"Wouldn't you call this a planet? I mean, a planet the way the Earth's a planet? Look!" And Sibyl moved from the telescope, motioning me to move approach it. "The Moon could never manage to become a planet like ours."
I wasn't listening to her explanation: the Moon, enlarged by the telescope, appeared to me in all its details, or rather many of its details appeared to me at once, so mixed up that the more I observed it the less sure I was of how it was made, and I could only vouch for the effect this sight caused me, an effect of fascinated disgust. First of all, I could not the green veins that ran over it, thicker in certain zones, like a network, but to tell the truth this was the most insignificant detail, the least showy, because what you might call the general properties eluded the grasp of my glance, thanks perhaps to the slightly viscous glistening that transpired from a myriad of pores, one would have said, or percula, and also in certain points from extended tumefactions of the surface, like buboes or suckers.
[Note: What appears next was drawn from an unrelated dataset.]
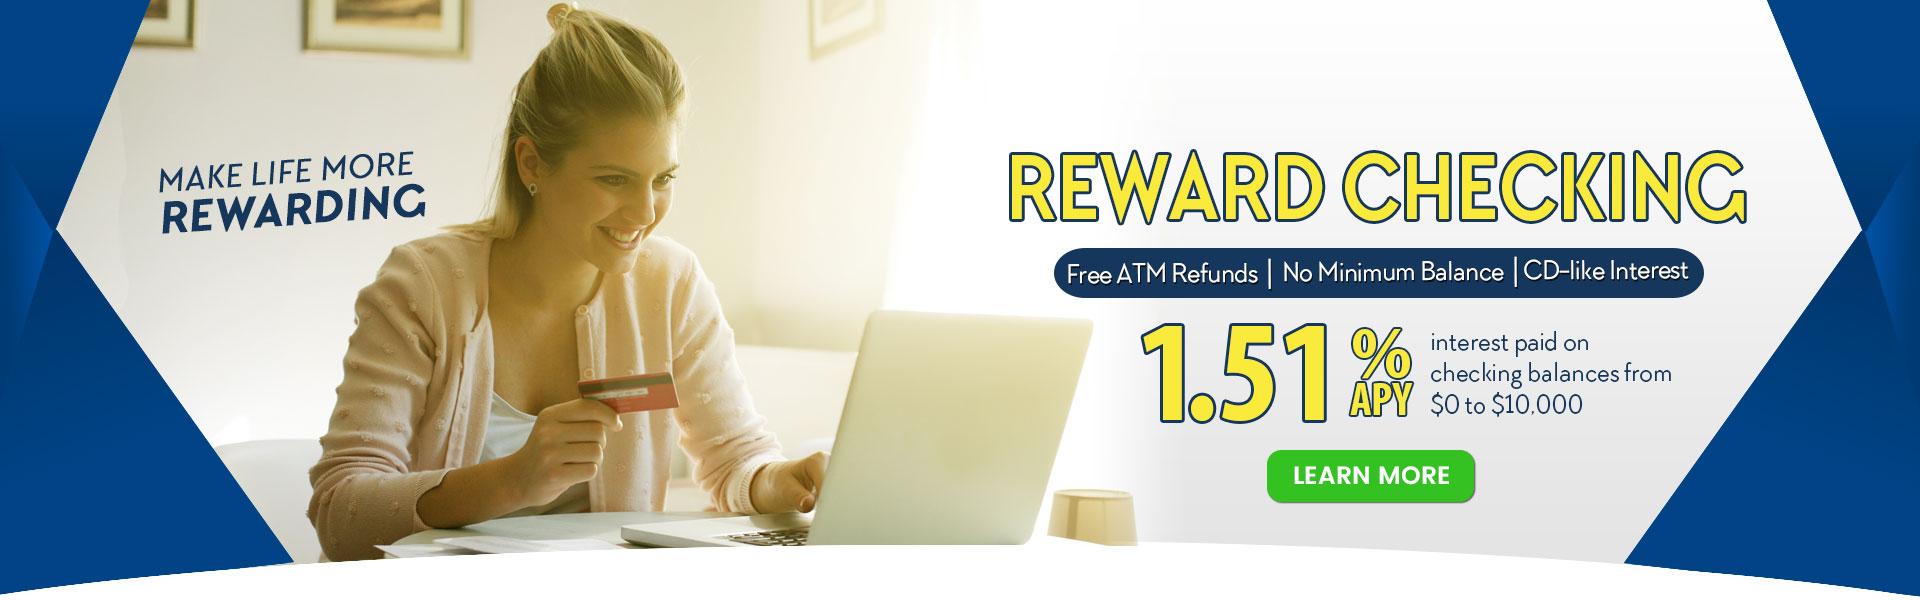 Reward Checking

There, I'm concentrating again on the details, a more picturesque method of description apparently, though in reality of only limited efficacy, because only by considering the details within the whole-such as the pale swelling of the sublunar pulp which stretched its pale external tissues but made them also fold over on themselves in inlets or recesses looking like scars (so it, this Moon, might also have been made of pieces pressed together and stuck on carelessly)-it is, as I say, only by considering the whole, as in diseased viscera, that the single details can also be considered: for example, a thick forest as of black fur which jutted out of a rift.
" Does it seem right to you that it should go on revolving around the Sun, like us?" Sibyl said. "The Earth is far stronger: in the end it'll shift the Moon from its orbit and make it turn around the Earth. We'll have a satellite."